Can I get a drink, my friend? said Chenier to the bartender.
Why don’t you boys take care of whatever you’ve got between you, said the bartender. Go take care of it, and then you can come back in and have a drink, O.K.?
The sandy-haired boy waited while Chenier stopped by Walter’s end of the bar to pick up his hat. By then Harrison III had begun the saga of his mother, her many marriages, her money, her mansion. The Cajun paused and leaned in to listen.
What’s going on? said Walter.
I don’t know…. said Chenier, slowly. This boy here seems to have a problem with me.
The sandy-haired boy smiled and spoke loudly from down the bar. I’m going to teach your nigger friend a lesson, he said, but Walter made no effort to argue with him; he was too drunk to quite register the insult, there in such crimson luxury with women and music; it caused him little more than a thought to the wind outside and his home back home. There was a bit of banal silence, and then the other two were gone.
The Cajun died that night, beaten to death in five minutes in the night behind the hotel’s service entrance, by three men who were never found. At the end there was steam coming off of him, but he was shivering, and the last thing he saw was a big dirty grey cat licking at his ankle. Skk, said Chenier. Skk.
It was only when the M.P.s entered the ballroom that Walter, Hamilton III, and Lukas realized that anything was wrong at all. They’d noticed that the Cajun was missing, and they knew he was in some kind of trouble, but they’d figured it was just going to be a little bit of pushing, something in the dark that any one of them might have confronted. Maybe he’d made friends with the sandy-haired boy and gone off to other pleasures. No.

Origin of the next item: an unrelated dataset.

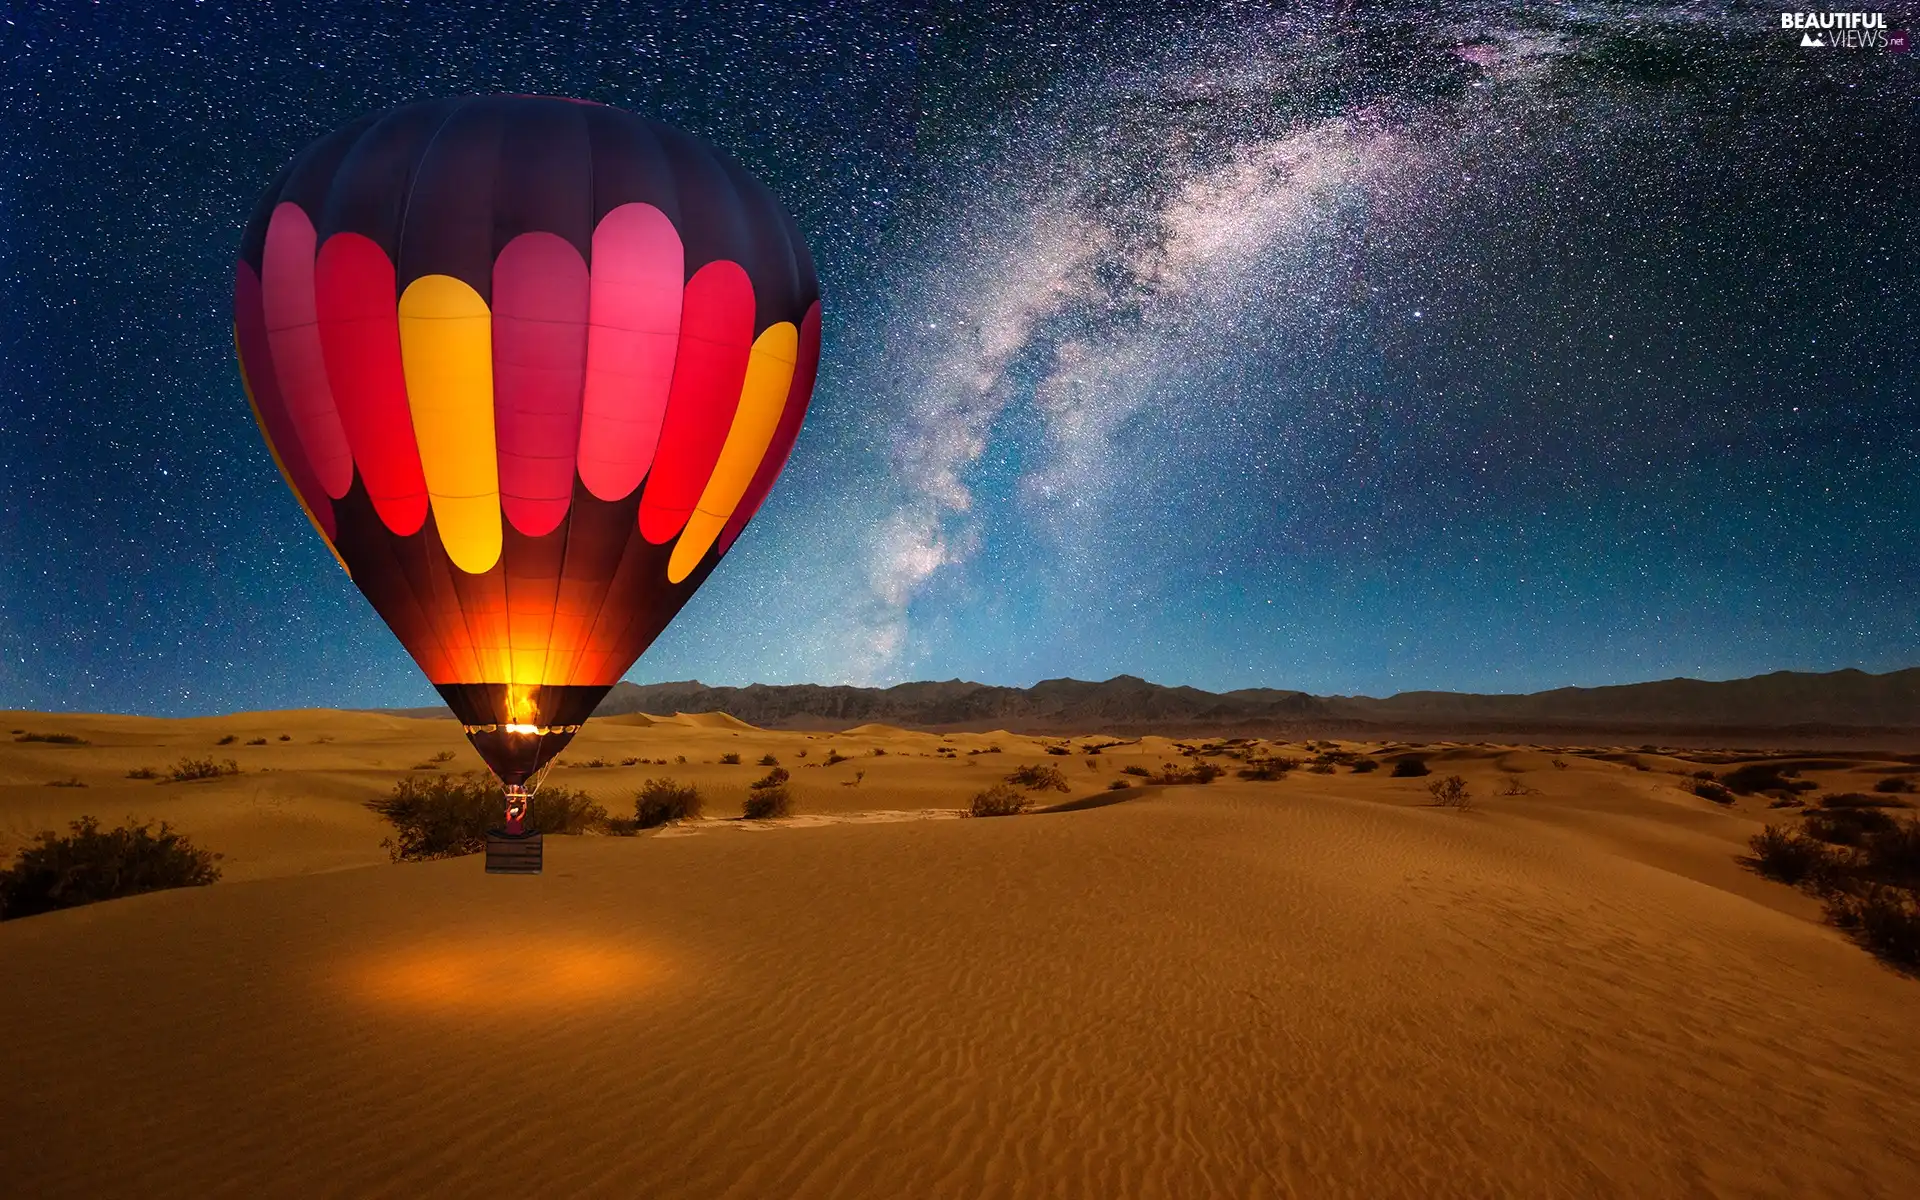 Night, Desert, Balloon, star

The policemen separated them and brought them back to the station; there they were questioned, one by one: What are your names, and what unit are you from? Where have you been tonight? What have you been doing? Who was your friend? Who was he talking to at the bar? The three of them, Hamilton III, Lukas, and Walter himself, had hardly looked at the boy long enough to see him; they had heard the word nigger, and that had told them everything they needed to know. You didn’t see him? said the investigating officer to Walter. Your buddy goes out to fight three other men, and you don’t even see who it is? Why didn’t you go with him? Why didn’t you help him?
Walter was eighteen years old and had nothing to say, though a mad tear of dishonor slipped down the side of his nose. The drinking had long since left him, and their loss was strange; no one was supposed to get hurt until combat, and then only gloriously. No one was supposed to die upon dancing. Back at the base the three who were still alive had their last conversation. God damn it, said Lukas. Why’d the son of a bitch leave us? Why didn’t he ask for help? But all of them knew that they had done something too indecent to be washed away by sunlight or sobriety, or even the war to come. They had been careless and star-cursed, and Chenier had died.